◆ Task statement
Among the entries below, only the lines from the one with "Tappeti bagno cucina" through the one with "Anastasia-Mironova-Wallpapers-Insta-Fit-Bio-3" are wanted, reproduced exactly. Pictures are not wanted.

◆ Material provided
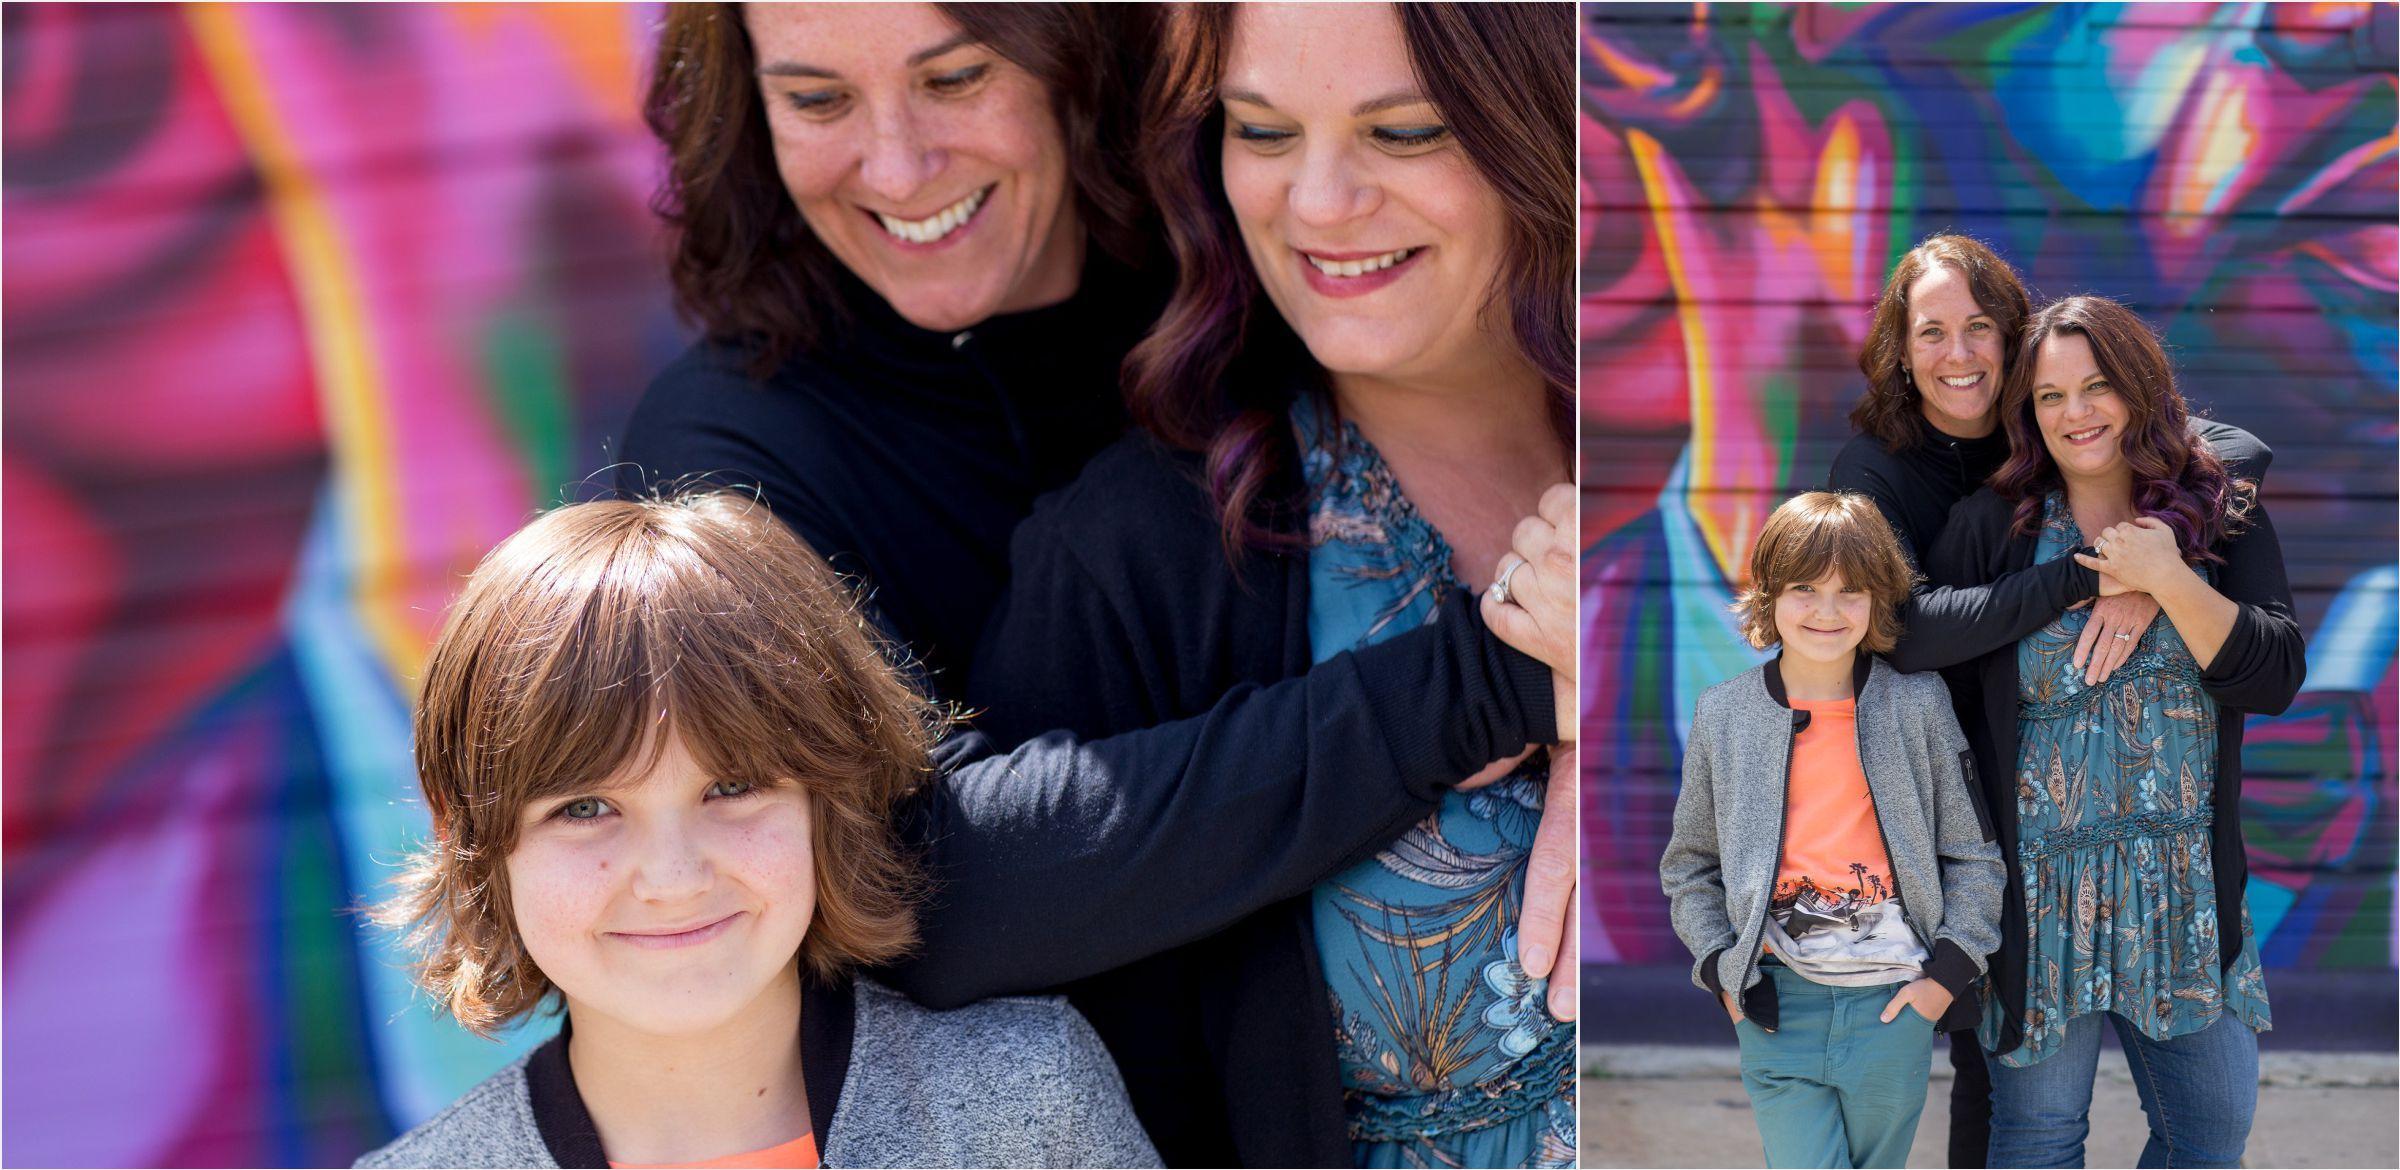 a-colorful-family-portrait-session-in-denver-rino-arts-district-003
---
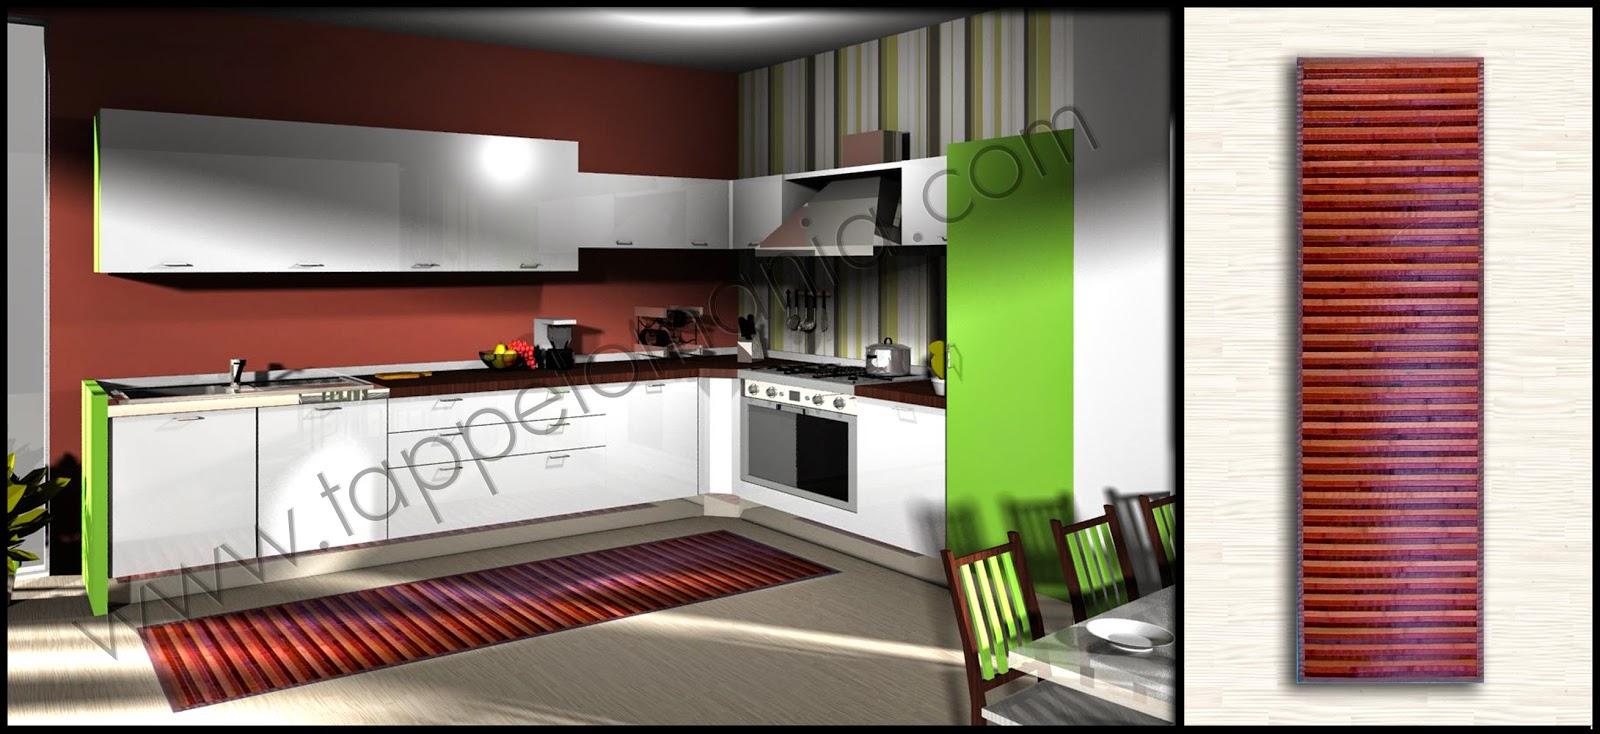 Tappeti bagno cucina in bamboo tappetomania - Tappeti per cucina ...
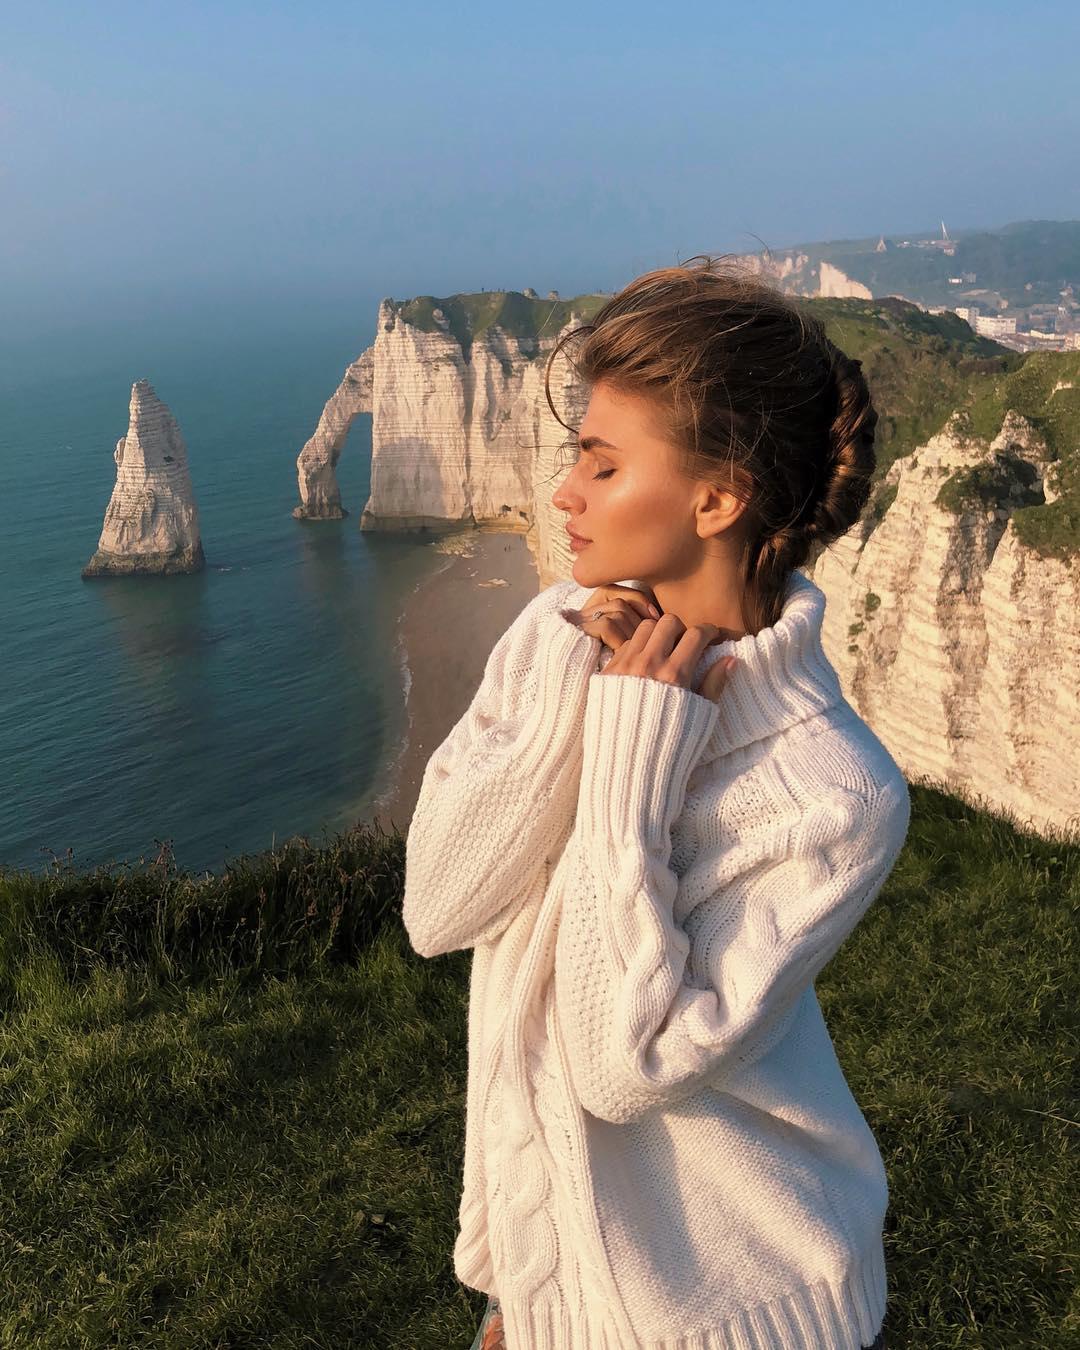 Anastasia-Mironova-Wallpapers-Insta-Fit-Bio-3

◆ Written solution
 Tappeti bagno cucina in bamboo tappetomania - Tappeti per cucina ...
 Anastasia-Mironova-Wallpapers-Insta-Fit-Bio-3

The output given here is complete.